### AVAILABLE DATA ###

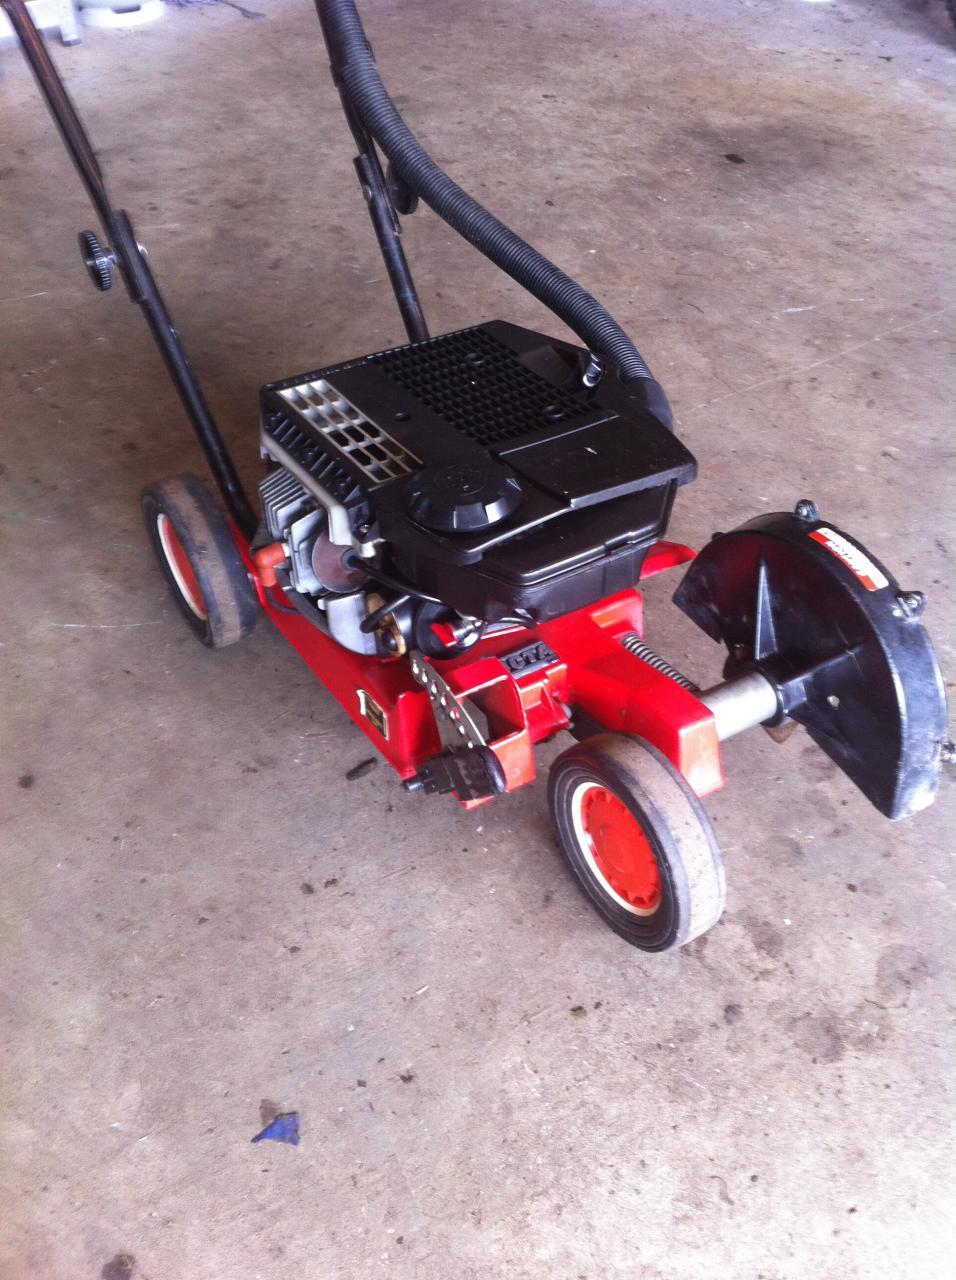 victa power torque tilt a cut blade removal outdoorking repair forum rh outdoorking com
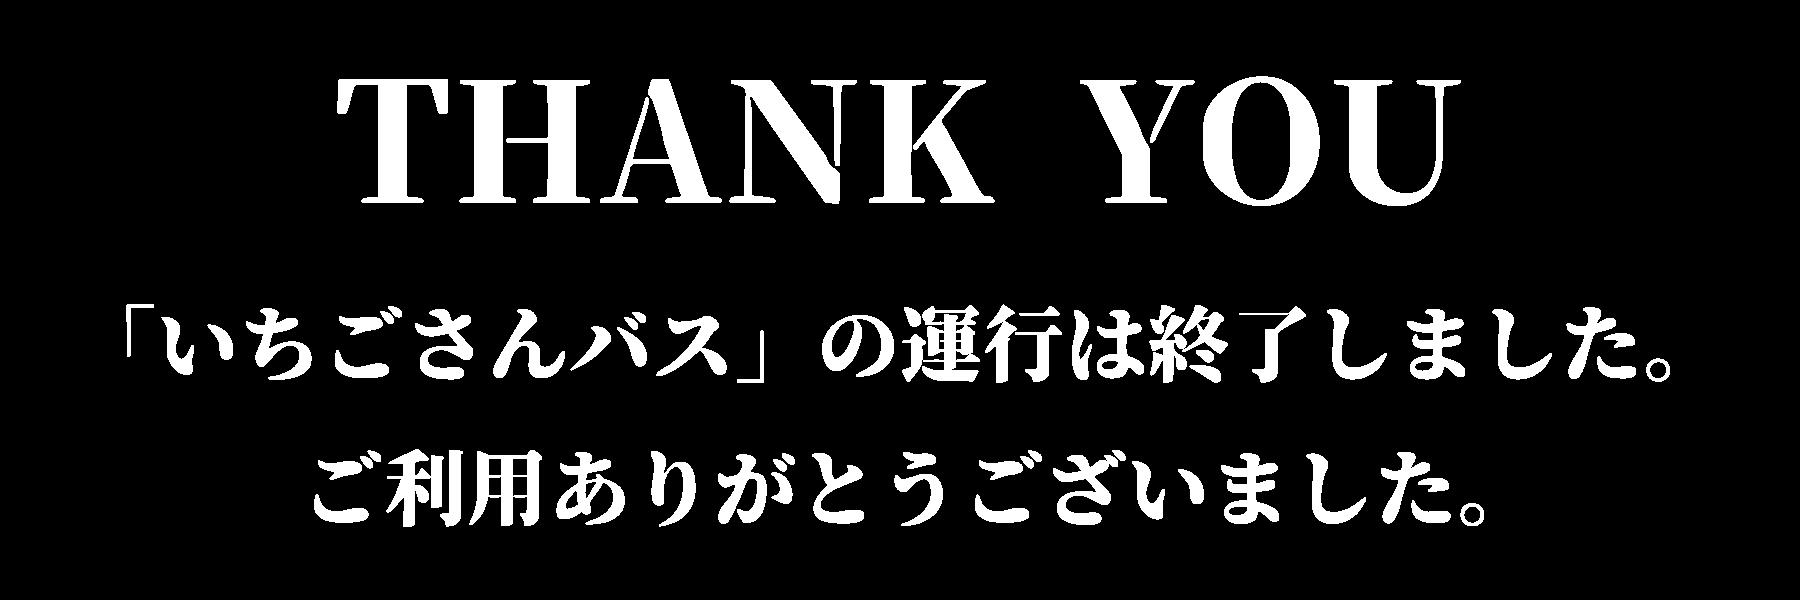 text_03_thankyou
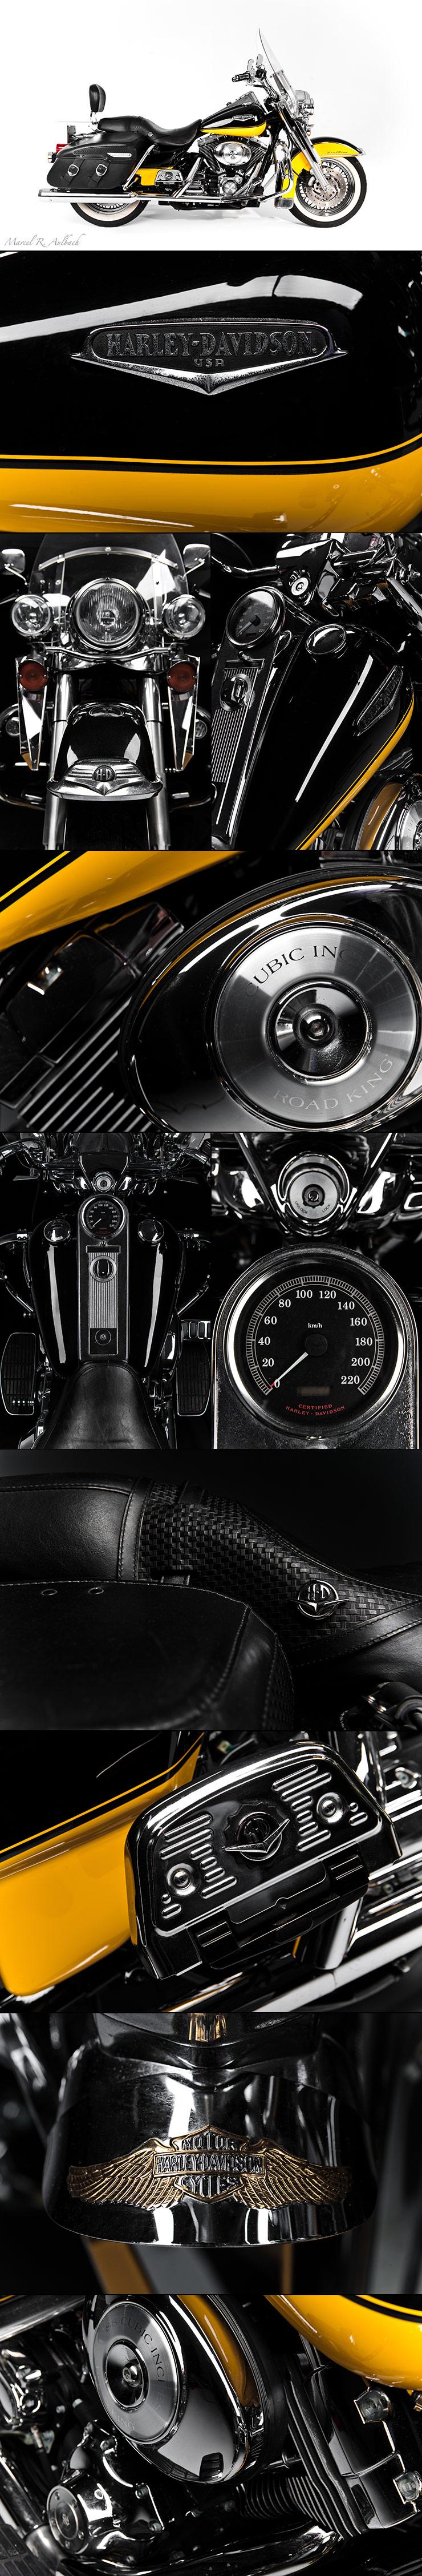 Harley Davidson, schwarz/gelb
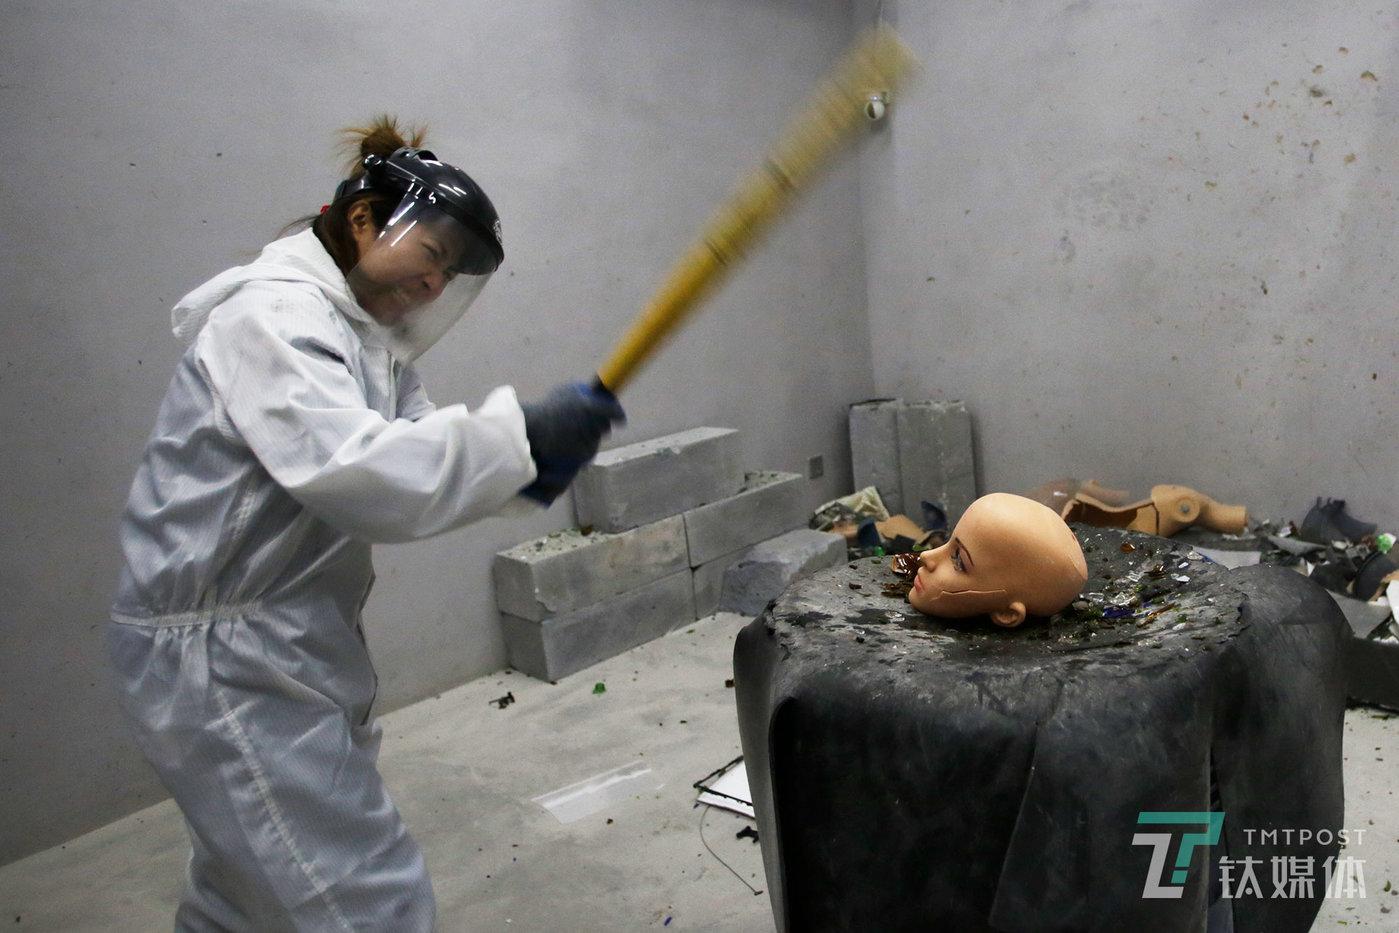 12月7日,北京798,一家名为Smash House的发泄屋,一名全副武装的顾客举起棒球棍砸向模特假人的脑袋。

###

PROBLEM: Each line of the listing is to be retyped exactly, and its pictures are to be dropped.

RESPONSE FOR THIS EXERCISE:
 victa power torque tilt a cut blade removal outdoorking repair forum rh outdoorking com
 text_03_thankyou
 Harley Davidson, schwarz/gelb
 12月7日,北京798,一家名为Smash House的发泄屋,一名全副武装的顾客举起棒球棍砸向模特假人的脑袋。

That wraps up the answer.